_WHAT THE TASK ASKS:_ When you copy the data that follows, reproduce every word exactly and leave out the images.

_DATASET SECTION:_
■ ■ ■ ■ ■ ■ ■

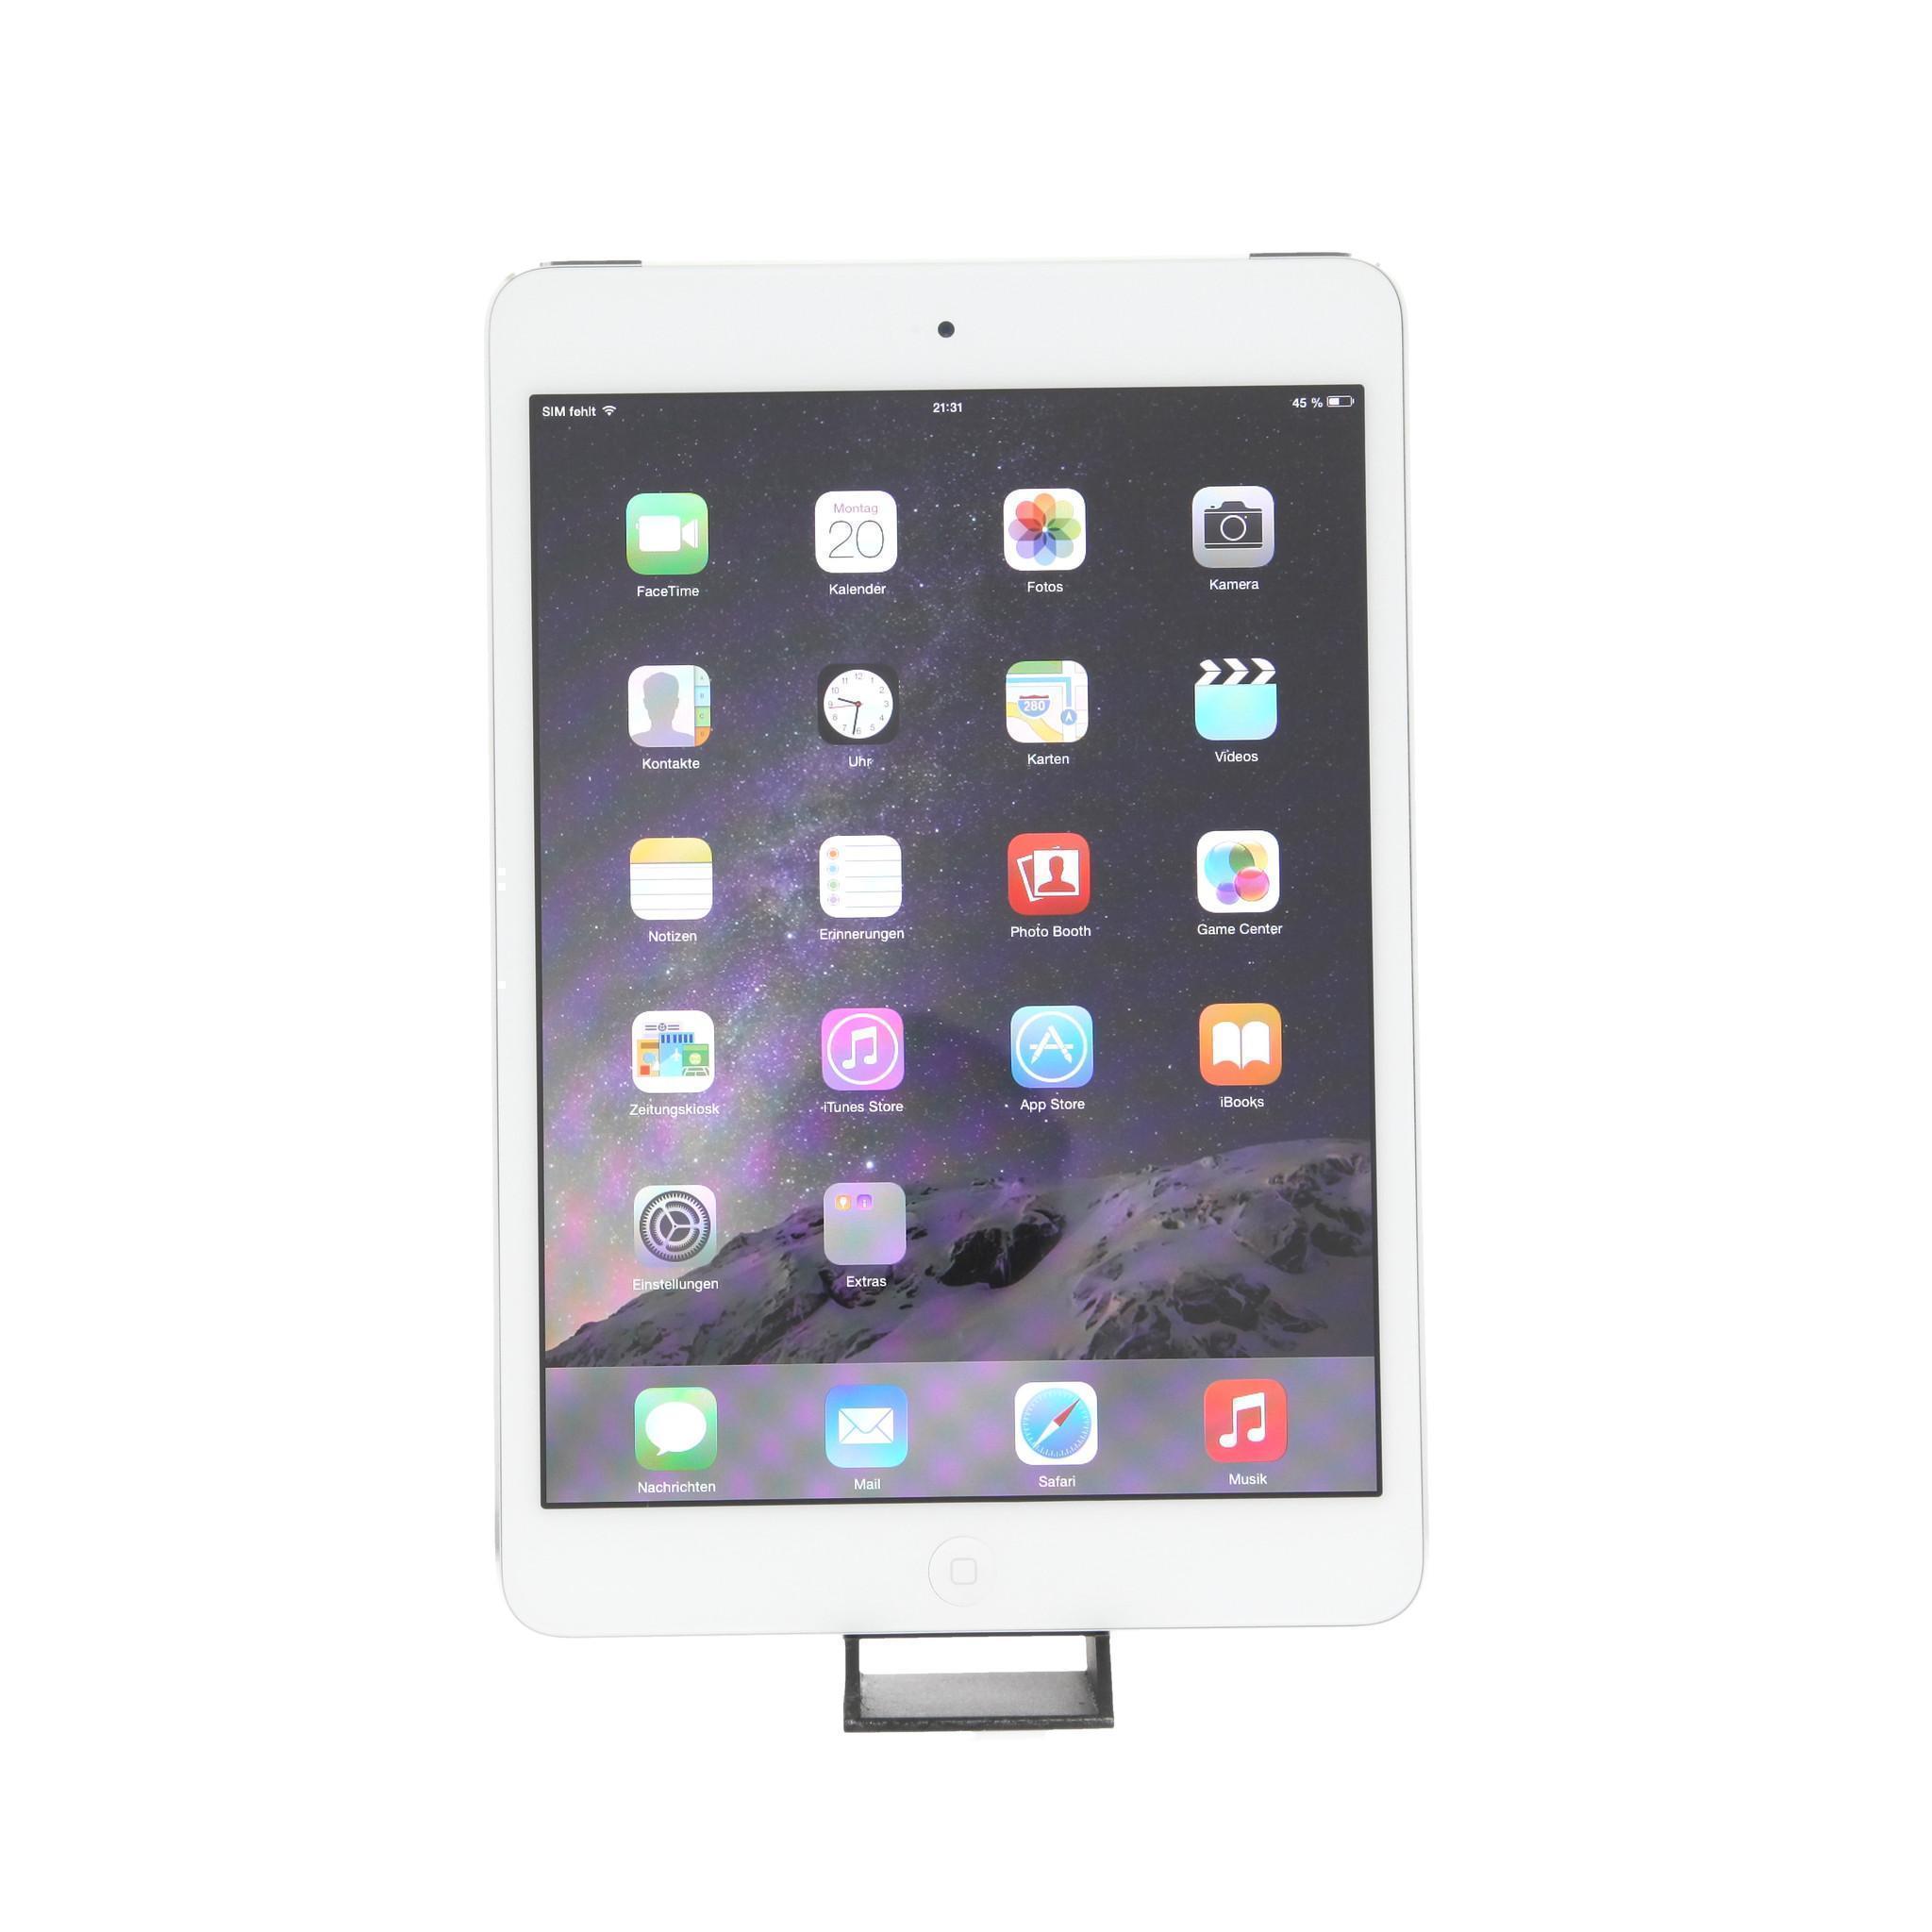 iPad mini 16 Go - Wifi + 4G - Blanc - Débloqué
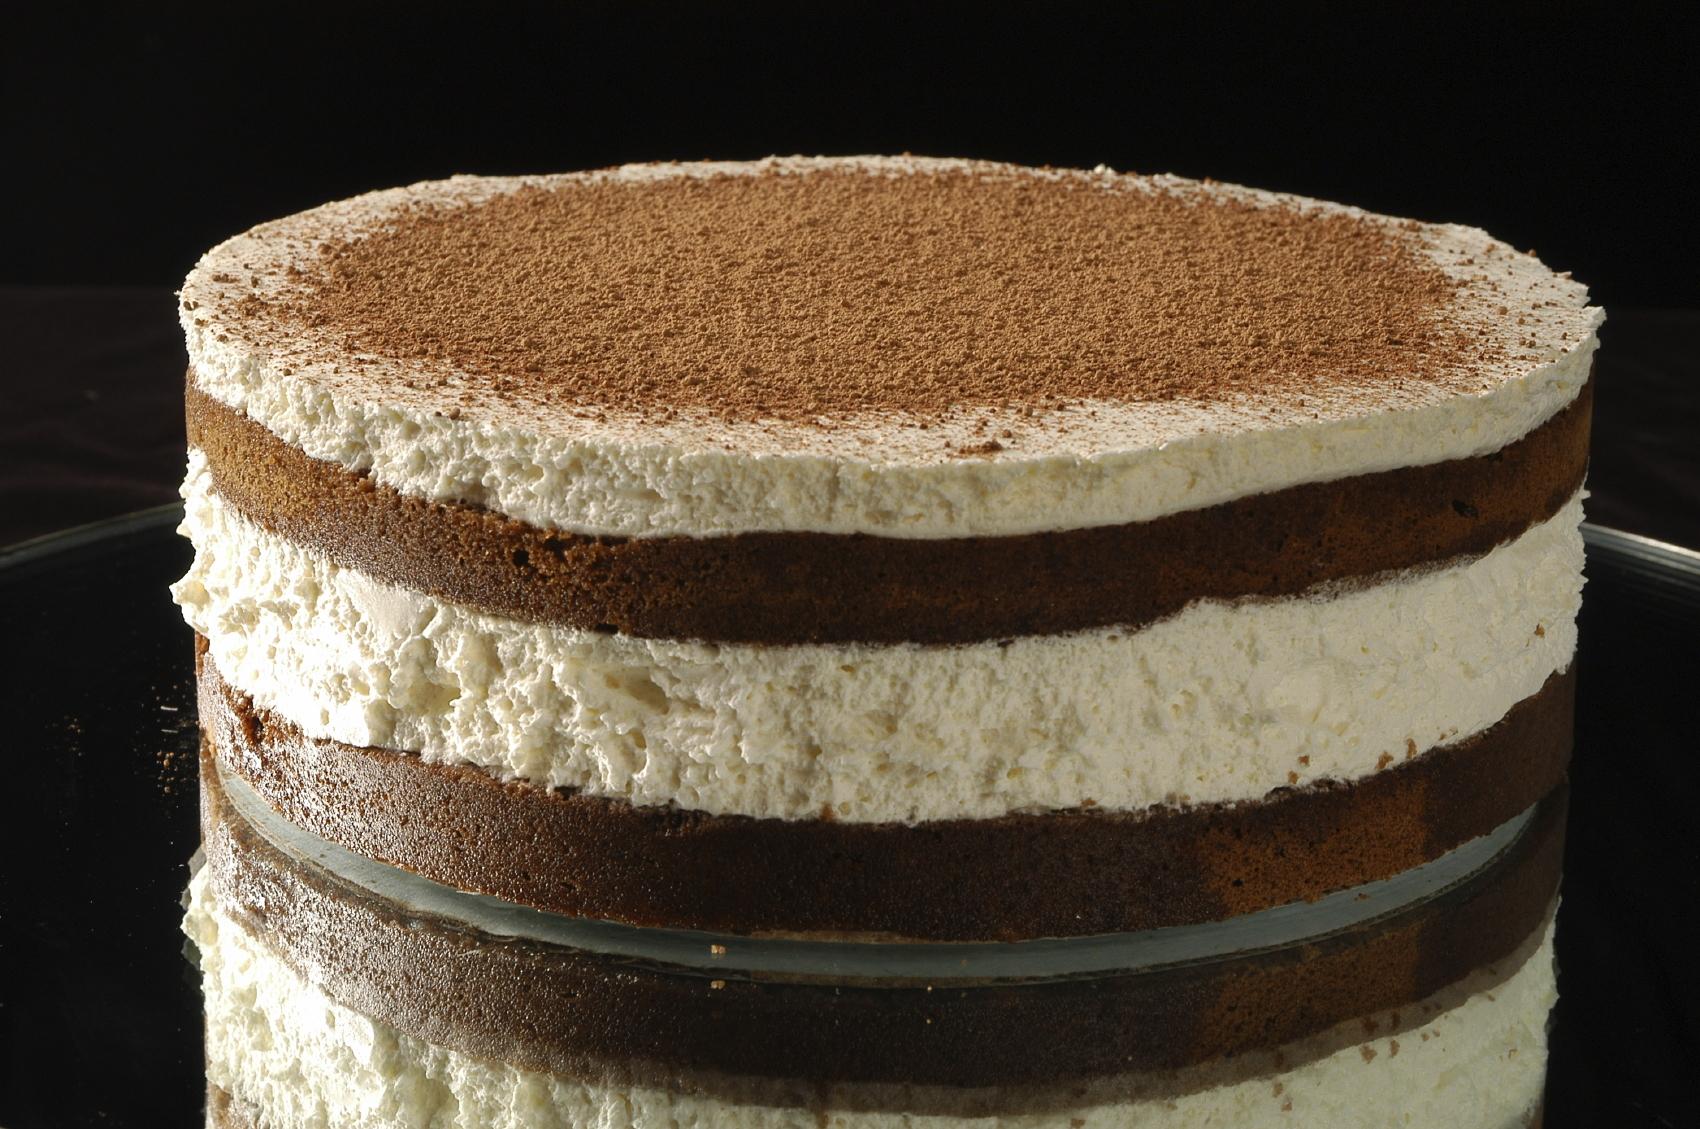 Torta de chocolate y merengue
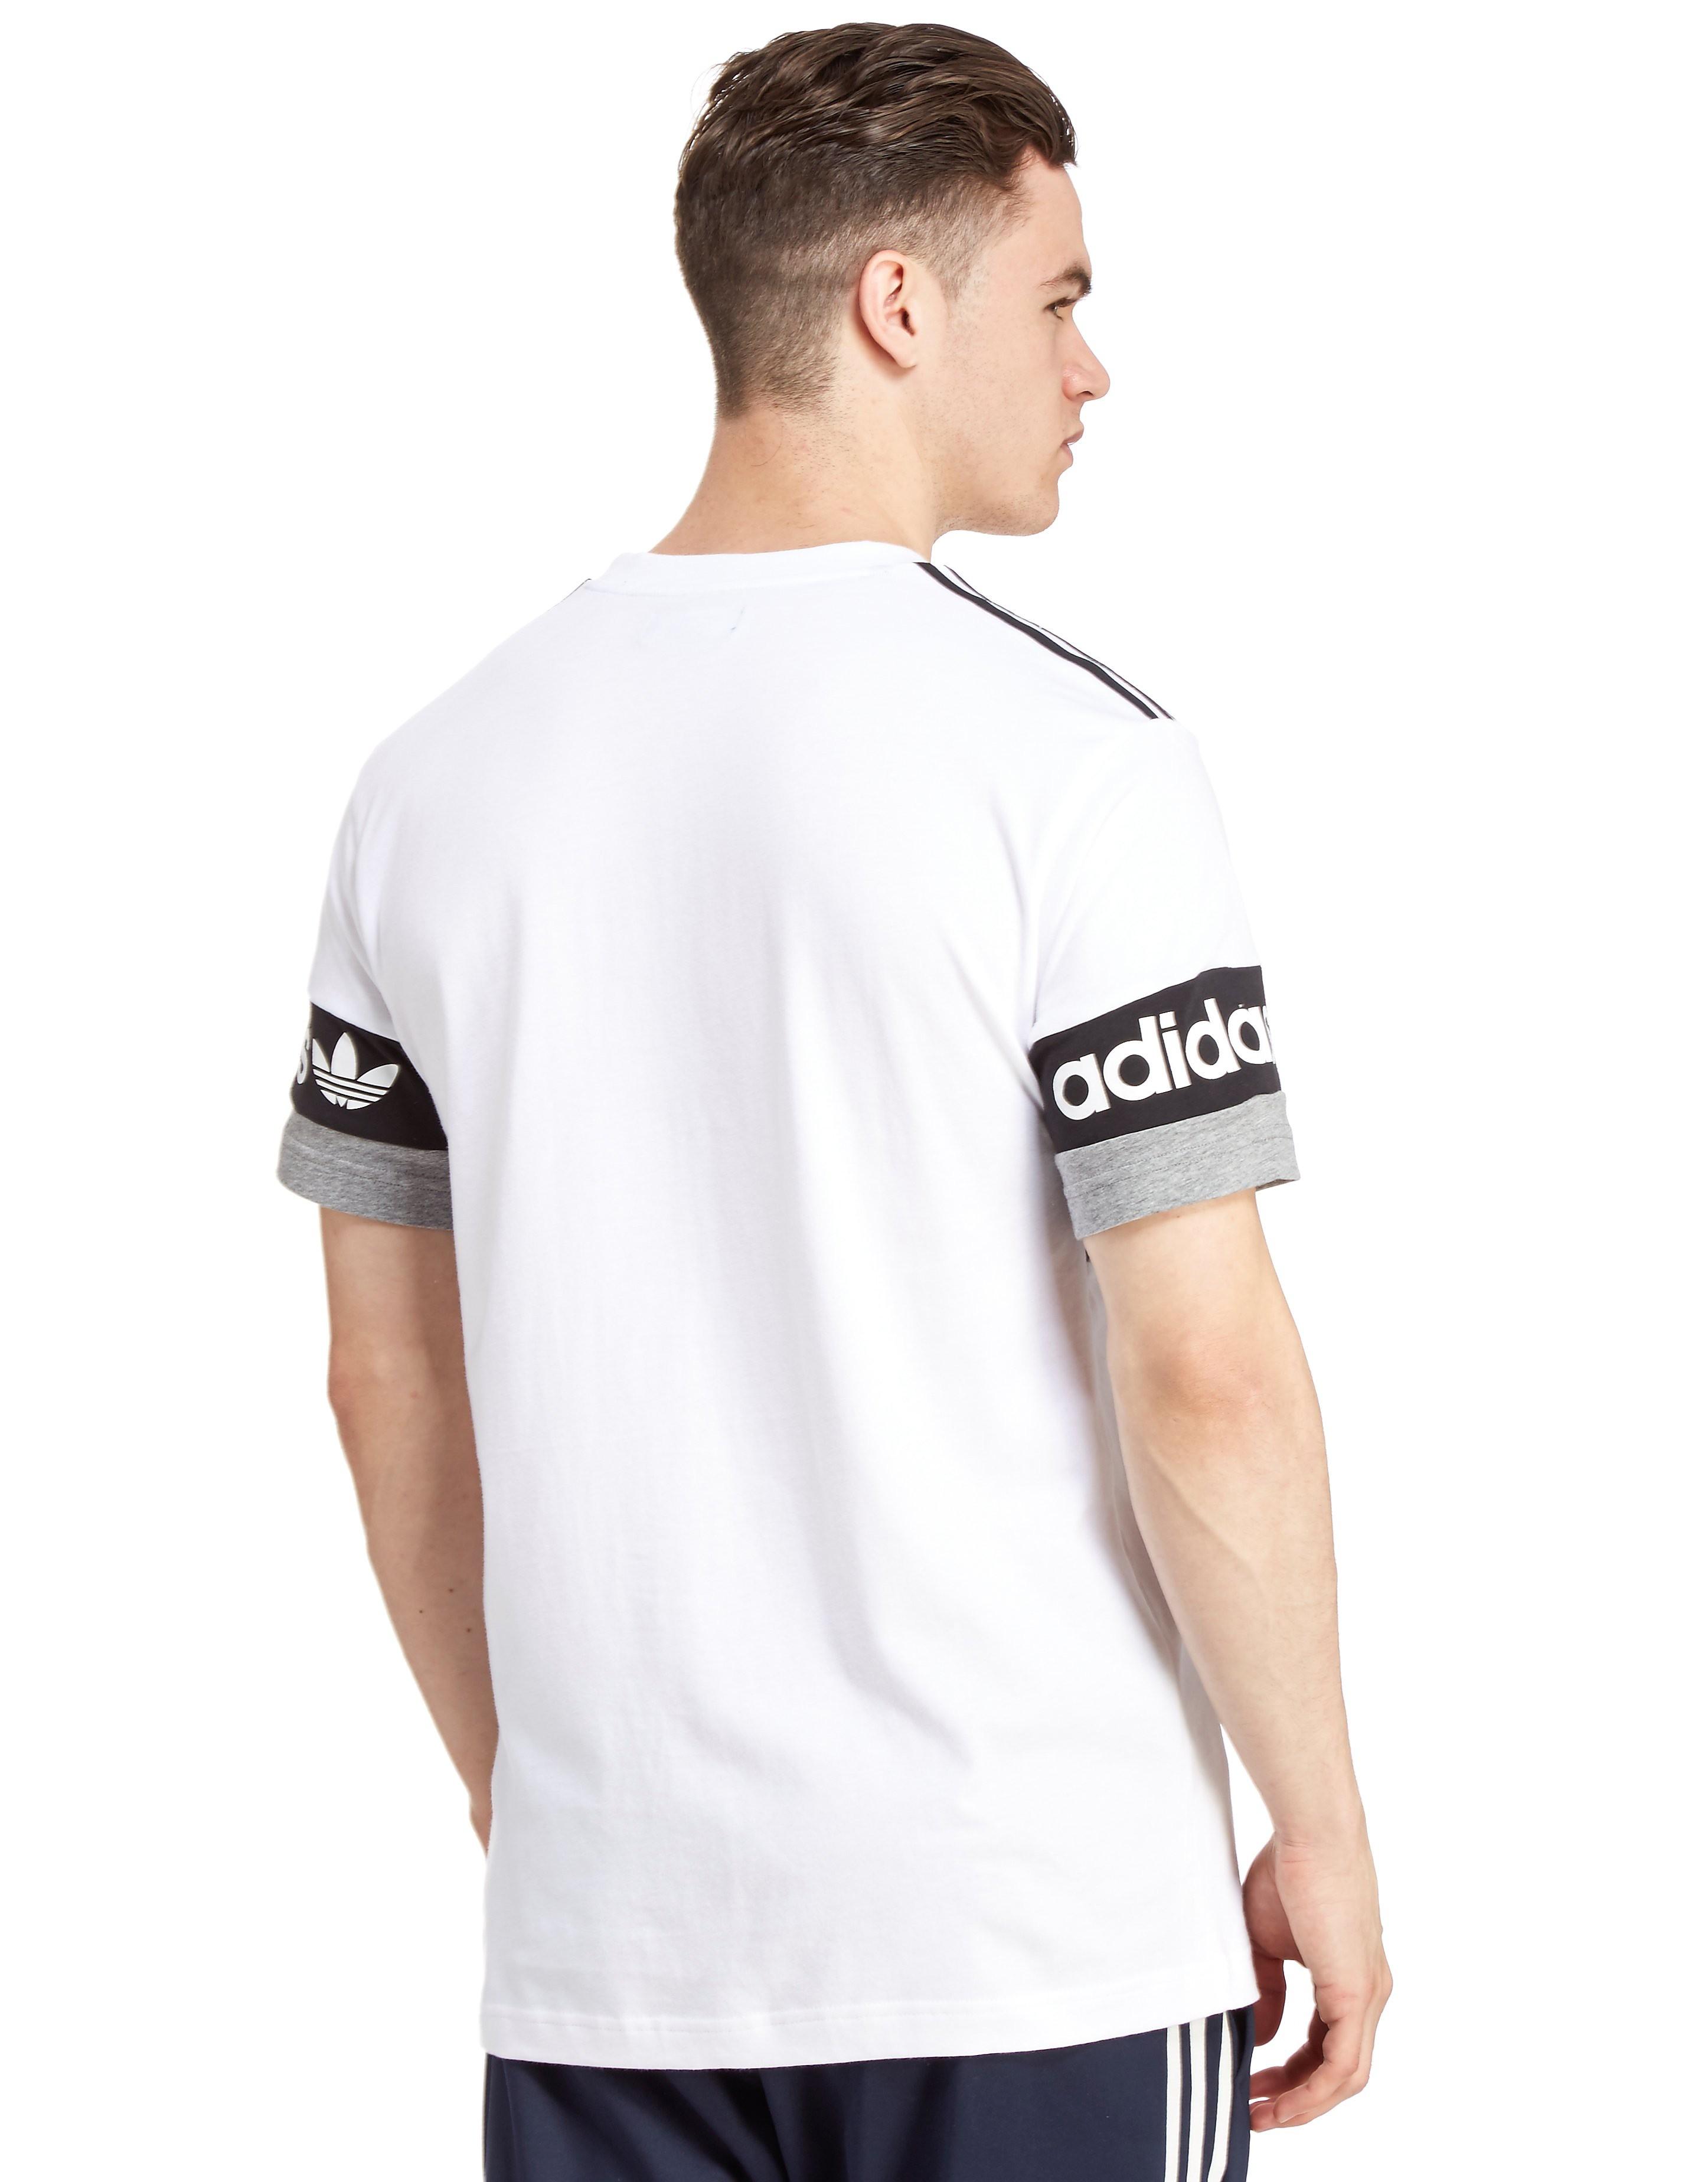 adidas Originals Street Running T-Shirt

■ ■ ■ ■ ■ ■ ■

_YOUR SOLUTION:_
 iPad mini 16 Go - Wifi + 4G - Blanc - Débloqué
 Torta de chocolate y merengue
 adidas Originals Street Running T-Shirt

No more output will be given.